A Succession of Summer Visitors – part 1

Once again it’s been a while since we posted. To be honest we’re considering stopping this blog, as we could possibly be portraying that life on the UK Inland Waterways is too amazing leading to everyone wanting to come and share a taste of it! Maybe we’ll start writing about the pitfalls instead of the pleasantness? Something to consider …

On the bright side it’s been amazing to have a preponderance of people discovering why we chose this way of life. A number of them may even decide to come and do something similar one day, they loved their experiences so much. Barry puts many hours into planning routes that provide as many delights as possible. Unsurprisingly working a few locks is always in there!

It’s feeling as though our previous post about sustaining this lifestyle may have been a tad presumptuous! We’re going to have to put our heads down shortly, and bring in some much needed income to buffer the swiftly diminishing coffers. And possibly next year have some sort of ‘booking-in’ system with a couple of weeks gap between guests so we can maintain the momentum.

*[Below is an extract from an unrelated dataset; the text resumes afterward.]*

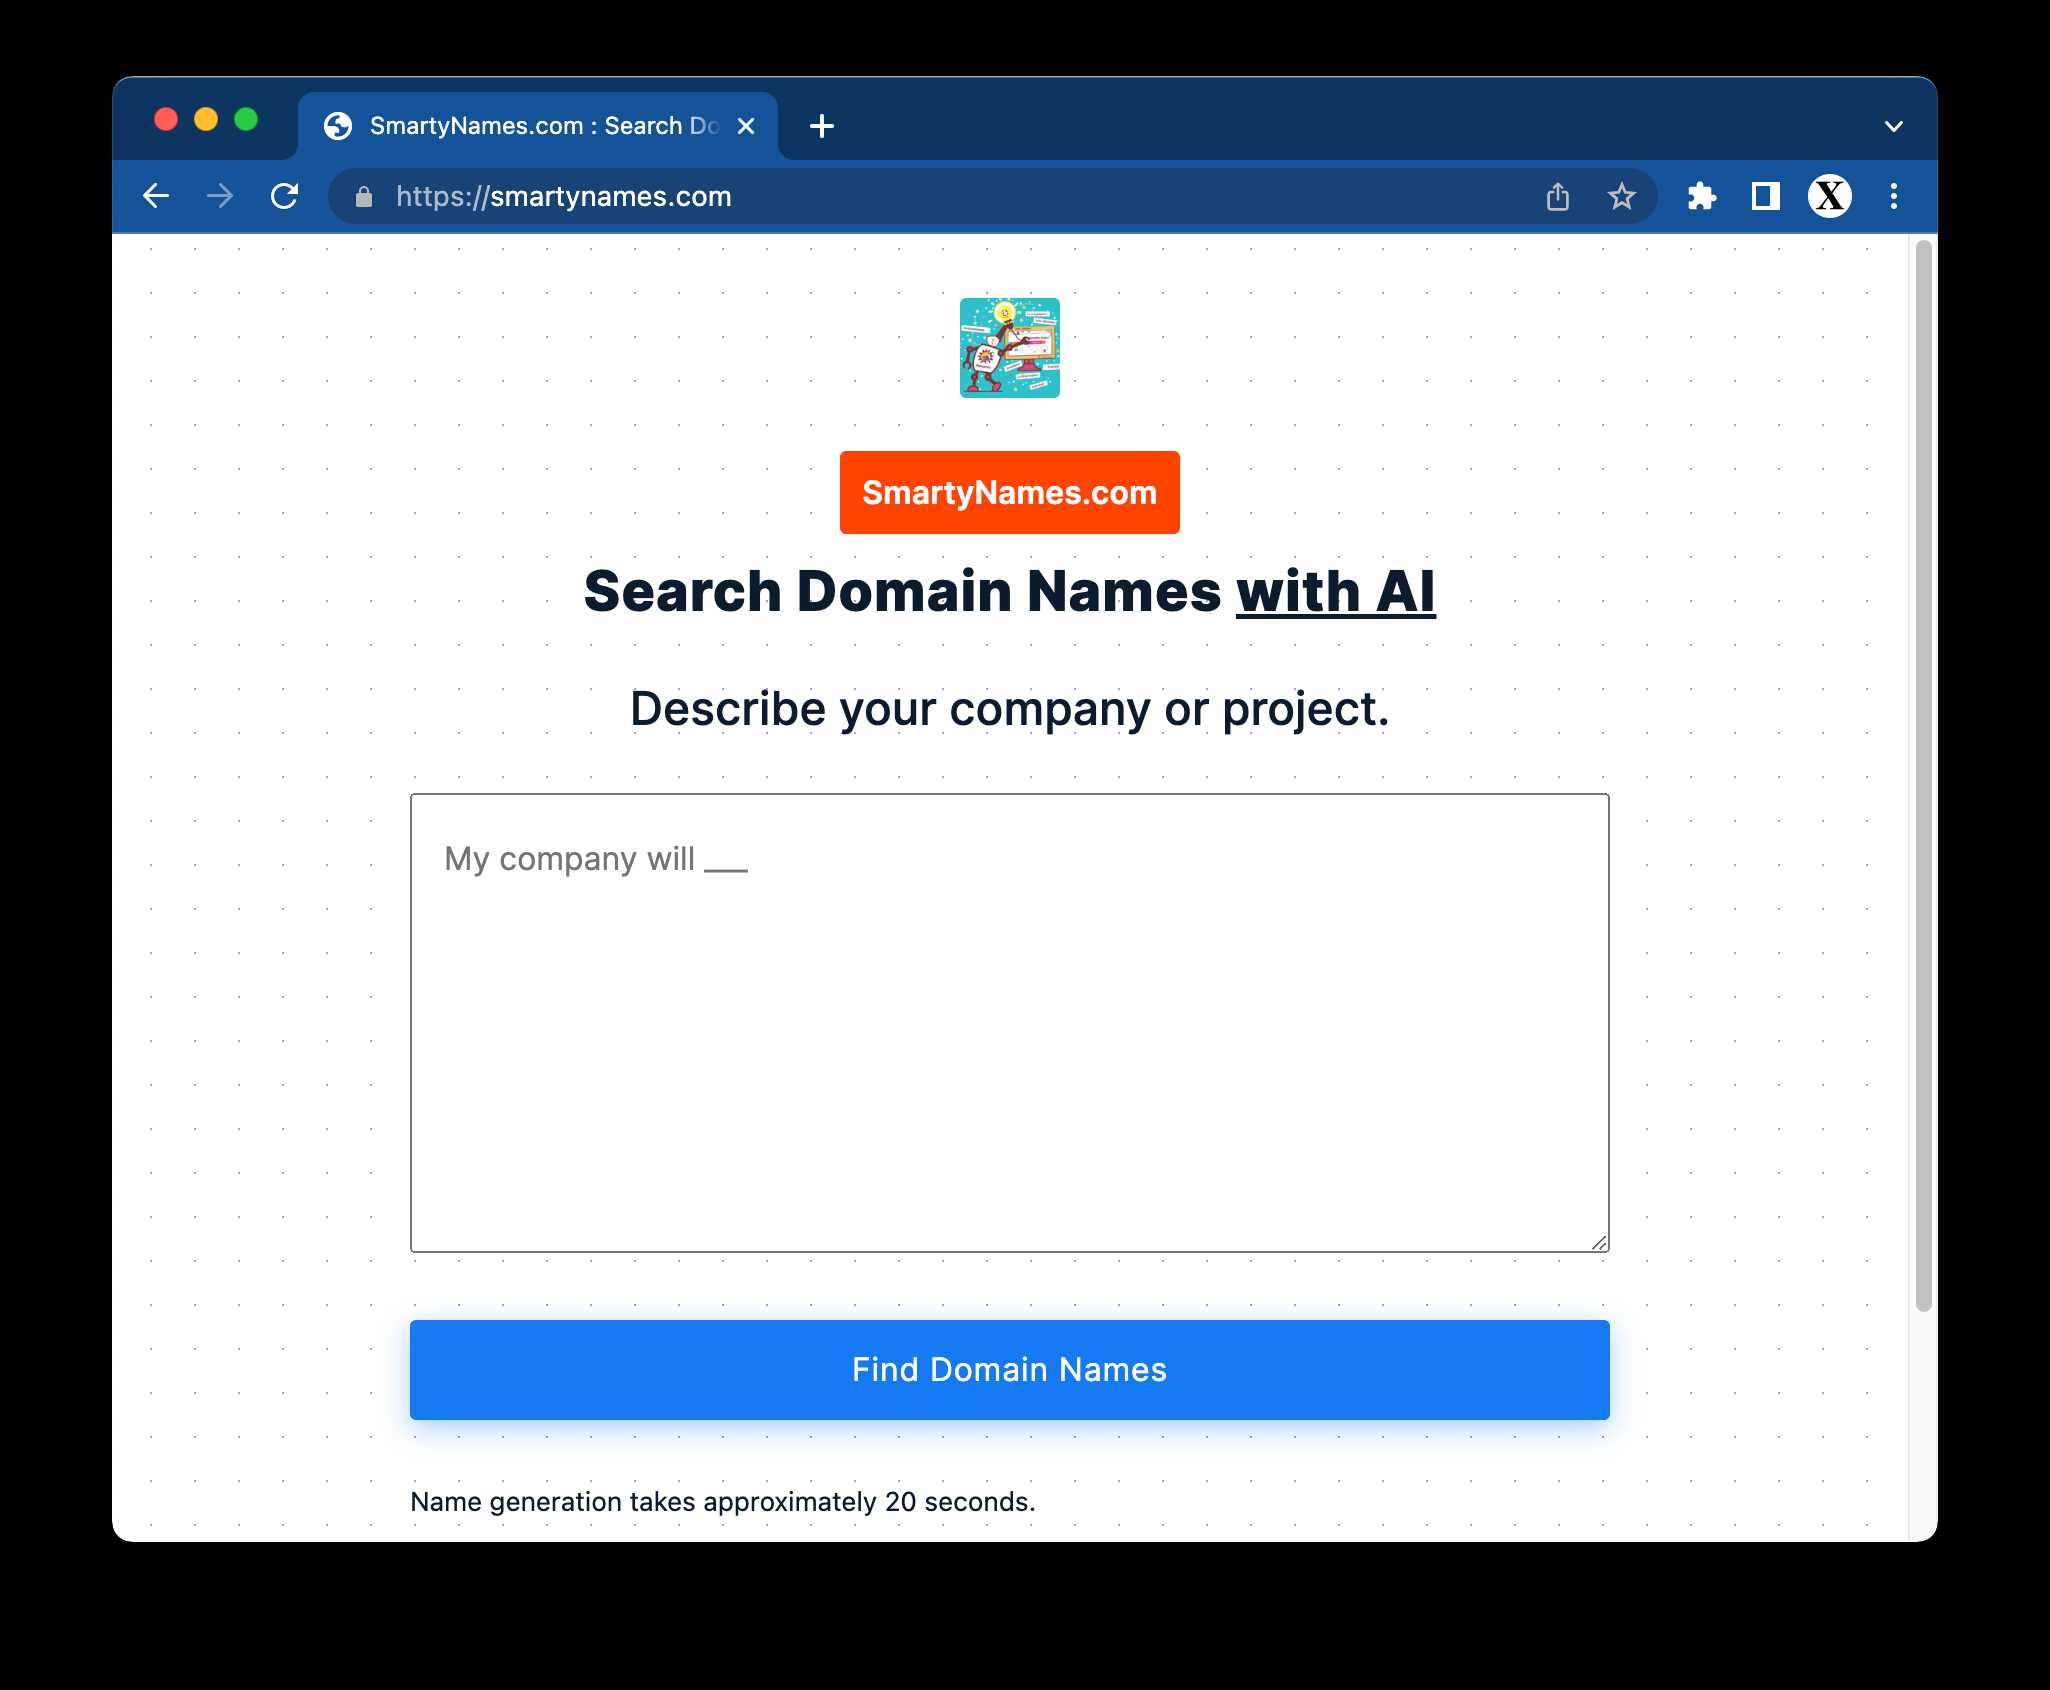 SmartyNames.com : Search Domain Names with Artificial Intelligence

Talking of money (not pleasant I realise!), I was aghast yesterday to discover we’d put away £500 too little into the two savings/ISA accounts we have to show evidence of the ability to sustain ourselves for Barry’s final Spousal Sponsored Visa application. We’ve swiftly moved the requisite amount from another account (!), so soon will have the £46,500 needed in only two places. As it has to be there for six months BEFORE the application, it’ll put it back to the end of February 2019. Fortunately this time we have a wide window – from end October to mid-April. Phew! That would’ve been disastrous 🙁

Anywhere, here we are now with this post taking you back to the middle of June, two months ago now. Oh my. So much to show and tell …

A train trip to Southport to delivery a package

We left you on the last boating post, just after we returned on the Ribble Link.

Barry caught up with James from nb ‘Marquis’ at Rufford, and joined him for an enjoyable drink at the local

Barry had three Home Brew Boat courier packages to drop off in Burscough, so caught the train there from Rufford. Unfortunately when he got to the drop off shop he only had two packages, one must’ve slipped silently off his trolley on the way. Nothing to do but go back to the boat and put together a new order.

The following day we cruised to Burscough to try again – but found the courier drop off shop closed for two days. Frustrating indeed – however … It gave us both an impromptu excuse to hop on another train and head to Southport to finally deliver the package (albeit still not simply!). It wasn’t the closest point, but as we’d never been there we decided an evening out by the sea would be pleasant.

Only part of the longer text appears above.